Python asyncio/aiohttp: ValueError: too many file

2019-04-11 23:22发布

问题:

Hello everyone, I'm having trouble trying to understand asyncio and aiohttp and making both work together properly. Not only I don't properly understand what I'm doing, at this point I've run into a problem that I have no idea how to solve.

I'm using Windows 10 64 bits, latest update.

The following code returns me a list of pages that do not contain html in the Content-Type in the header using asyncio.

import asyncio
import aiohttp

MAXitems = 30

async def getHeaders(url, session, sema):
    async with session:
        async with sema:
            try:
                async with session.head(url) as response:
                    try:
                        if "html" in response.headers["Content-Type"]:
                            return url, True
                        else:
                            return url, False
                    except:
                        return url, False
            except:
                return url, False


def checkUrlsWithoutHtml(listOfUrls):
    headersWithoutHtml = set()
    while(len(listOfUrls) != 0):
        blockurls = []
        print(len(listOfUrls))
        items = 0
        for num in range(0, len(listOfUrls)):
            if num < MAXitems:
                blockurls.append(listOfUrls[num - items])
                listOfUrls.remove(listOfUrls[num - items])
                items +=1
        loop = asyncio.get_event_loop()
        semaphoreHeaders = asyncio.Semaphore(50)
        session = aiohttp.ClientSession()
        data = loop.run_until_complete(asyncio.gather(*(getHeaders(url, session, semaphoreHeaders) for url in blockurls)))
        for header in data:
            if False == header[1]:
                headersWithoutHtml.add(header)
    return headersWithoutHtml


listOfUrls = ['http://www.google.com', 'http://www.reddit.com']
headersWithoutHtml=  checkUrlsWithoutHtml(listOfUrls)

for header in headersWithoutHtml:
    print(header[0])

When I run it with, let's say, 2000 urls (sometimes) it returns something like:

data = loop.run_until_complete(asyncio.gather(*(getHeaders(url, session, semaphoreHeaders) for url in blockurls)))
  File "USER\AppData\Local\Programs\Python\Python36-32\lib\asyncio\base_events.py", line 454, in run_until_complete
    self.run_forever()
  File "USER\AppData\Local\Programs\Python\Python36-32\lib\asyncio\base_events.py", line 421, in run_forever
    self._run_once()
  File "USER\AppData\Local\Programs\Python\Python36-32\lib\asyncio\base_events.py", line 1390, in _run_once
    event_list = self._selector.select(timeout)
  File "USER\AppData\Local\Programs\Python\Python36-32\lib\selectors.py", line 323, in select
    r, w, _ = self._select(self._readers, self._writers, [], timeout)
  File "USER\AppData\Local\Programs\Python\Python36-32\lib\selectors.py", line 314, in _select
    r, w, x = select.select(r, w, w, timeout)
ValueError: too many file descriptors in select()

Note1: I edited out my name with USER in the user.

Note2: For whatever reason reddit.com returns as it doesn't contain HTML, this is a completly separate problem that I will try to solve, however if you notice some other inconsistency in my code that would fix that please point it out.

Note3: My code is badly constructed because I've tried to change many things to try to debug this problem, but I've got no luck.

I've heard somewhere that this is a restriction of Windows and there is no way to bypass it, the problem is that:

a) I directly don't understand what "too many file descriptors in select()" means.

b) What I'm doing wrong that Windows can't handle?
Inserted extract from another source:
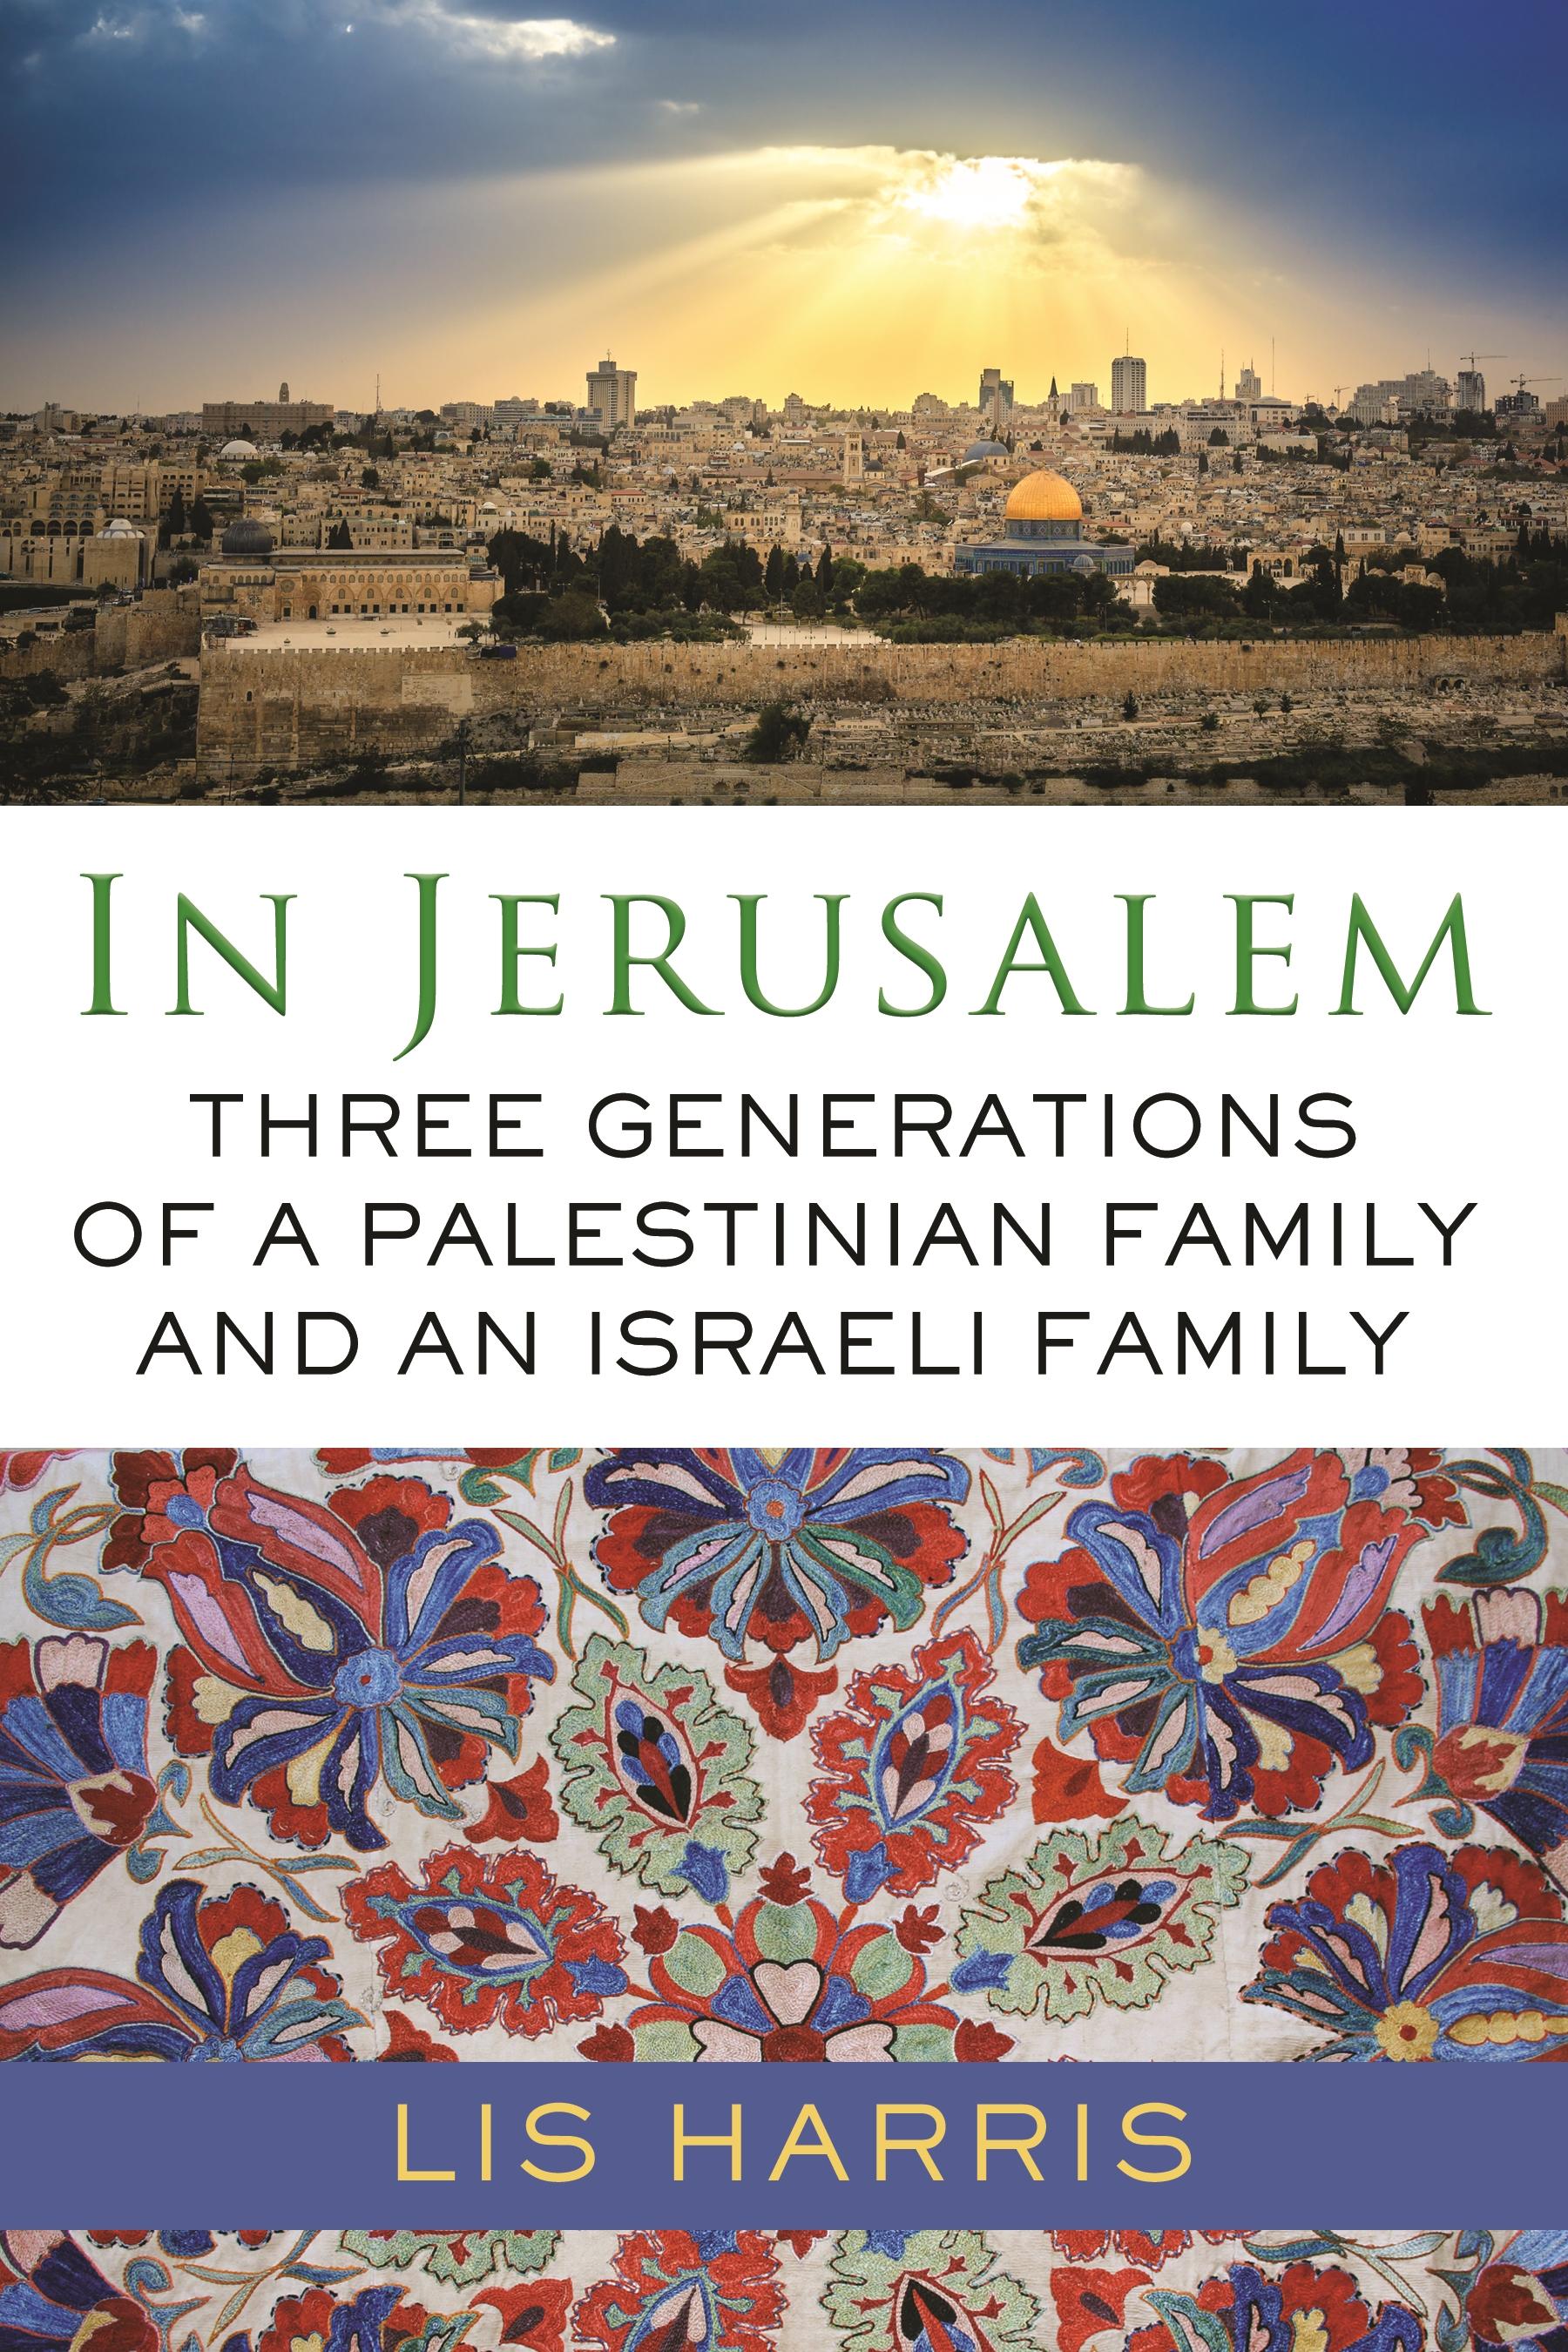 Book Launch: In Jerusalem by Lis Harris

I've seen people push thousands of requests with asyncio and aiohttp but even with my chuncking I can't push 30-50 without getting a Value Error?

Edit: Turns out with MAXitems = 10 it hasn't crashed me yet, but because I can't follow the pattern I have no idea why or how that tells me anything.

Edit2: Nevermind, it needed more time to crash, but it did eventually even with MAXitems = 10

回答1:

By default Windows can use only 64 sockets in asyncio loop. This is a limitation of underlying select() API call.

To increase the limit please use ProactorEventLoop. Instructions for installation is here.



回答2:

I'm having the same problem. Not 100% sure that this is guaranteed to work, but try replacing this:

session = aiohttp.ClientSession()

with this:

connector = aiohttp.TCPConnector(limit=60)
session = aiohttp.ClientSession(connector=connector)

By default limit is set to 100 (docs), meaning that the client can have 100 simultaneous connections open at a time. As Andrew mentioned, Windows can only have 64 sockets open at a time, so we provide a number lower than 64 instead.